Но я его честно предупредил: у него с этим героическим поступком ничего путного не выйдет, как ни старайся: револьвер – однозарядный. «Бац» – и каюк. А «бац-бац» – не получится, сколько ни нажимай на спусковой крючок.
Так что Леньке после рокового выстрела выпадет иная роль: встать у парты с моим поникшим телом и торжественно пропеть:
«Вы жертвою пали в борьбе роковой».
Ленька согласился на роль солиста в этой трагикомической опере, хотя музыкальным голосом не обладал вовсе.
«Но лучше петь, стоя, – решил он, – чем лежать покойником, уткнувшись мордой в чернильницу».
И был совершенно прав.
Рано утром 1 сентября 1954 года мы отправились на первый урок в третий класс 17 средней школы, отныне смешанной. И заняли места, рядом с полуоткрытым окном, на предпоследней парте первого ряда.
Почему так далеко от учительницы?
Чтобы она не перехватила револьвер, когда я вытащу его из кармана.
Почему у окна?
Потому что запах сожженного пороха имеет свойство отравлять все живое. А я хотел, чтобы ядовитые газы выдохлись в окно, и мои одноклассники продолжали жить, дабы сходить, понурив головы, на похороны.

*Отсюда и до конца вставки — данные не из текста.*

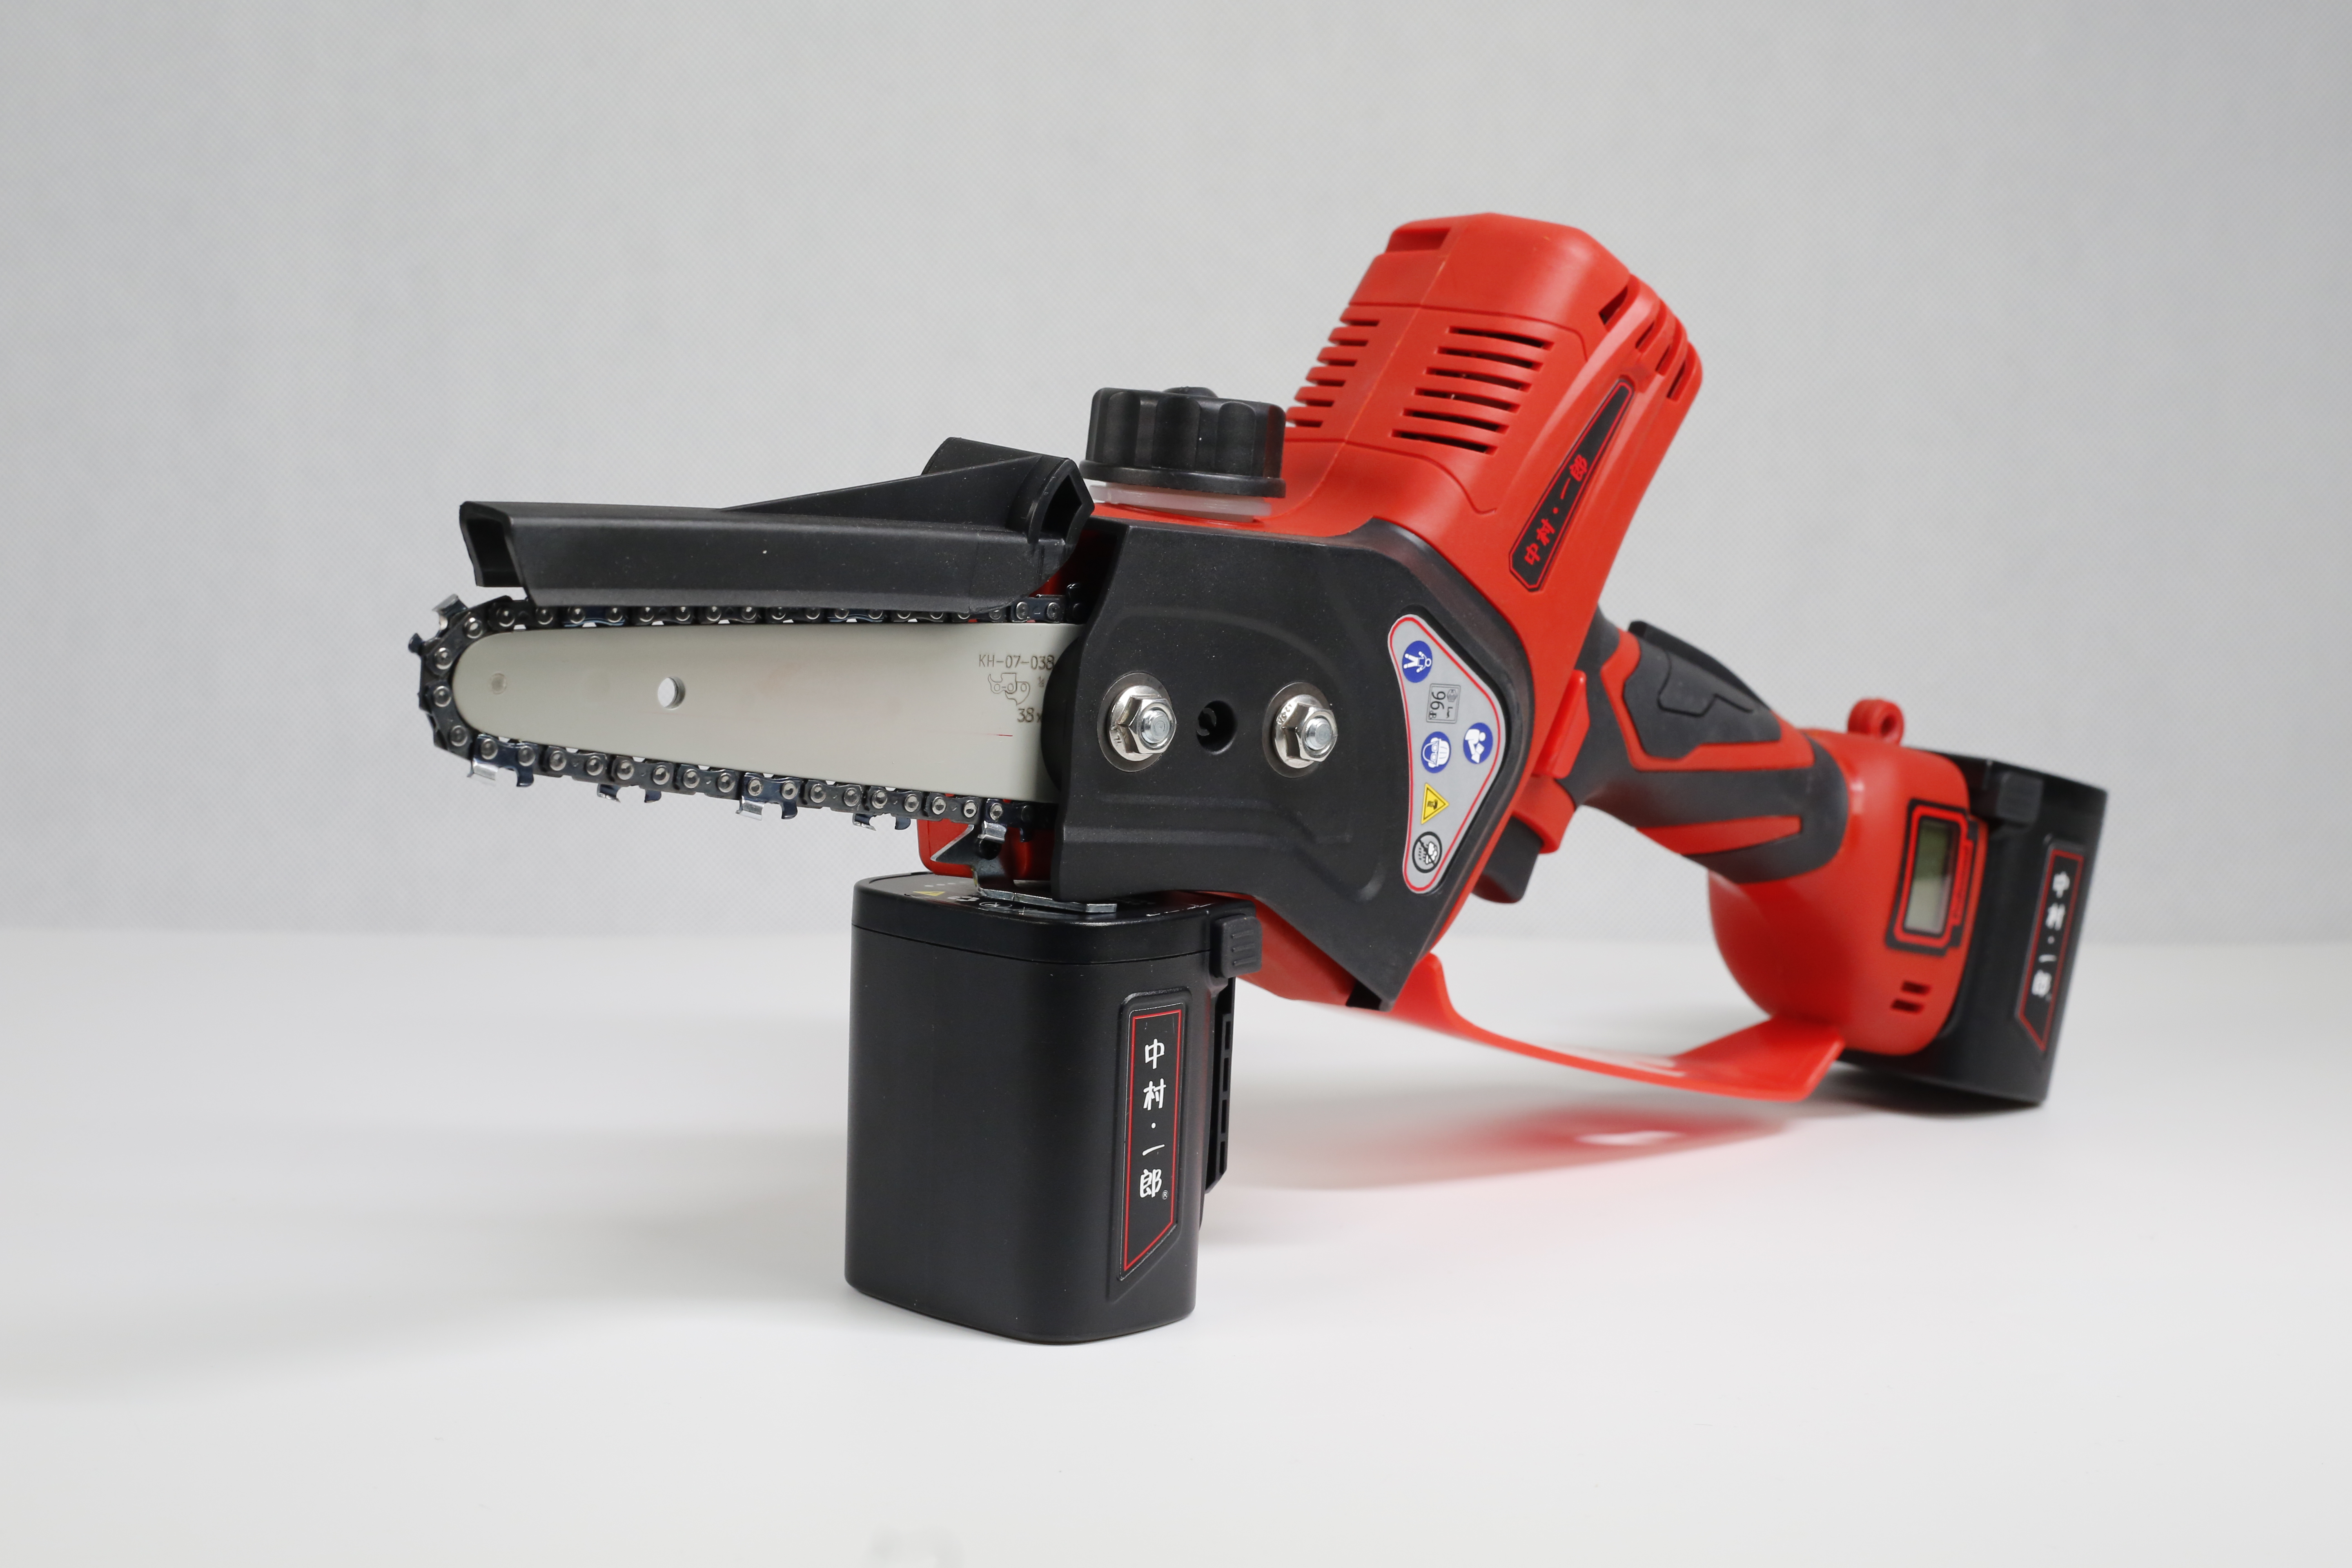 4inch Mini chainsaw-battery operated chainsaw ကြိုးမဲ့ 25.2V 2.5ah ဘက်ထရီနှင့်အစာရှောင်ခြင်းအားသွင်းစက်

Я смотрел на школьную доску с каллиграфической надписью, выполненной мелом:
«Поздравляем с началом учебного года! Приходите за знаньями, уходите с пятерками!»
«Это не по мне», – подумал я, оглядывая приличное по габаритам помещение, где все распределились парами: девчонки – парами и мальчишки – парами. При этом девчонки впереди, чтобы при необходимости оказаться под защитой классной руководительницы, а мальчишки на «Камчатке», как мы с Ленькой – лишь бы впустую не попадаться на «глаза, которые всегда на мокром месте».
Двадцать девичьих затылков, сорок косичек, и ни одна не обрезана. А мы ведь хвалились, что будем обстругать девчонкам косички. Хвалились-хвалились, а теперь, позабыв о припасенных ножницах, взгляда не можем отвести от белых бантов.
Каково, а?!
Никто из нас – ни при каких обстоятельствах, хоть поставь к стенке под расстрел! – не сумел бы на собственной макушке, крутя пальцами задом наперед, воссоздать столь немыслимое чудо. А они могут. И время от времени посматривают назад, на «Камчатку», чтобы искоса перехватить наш взгляд: нравится или не нравится? Вслух не скажешь, а в уме…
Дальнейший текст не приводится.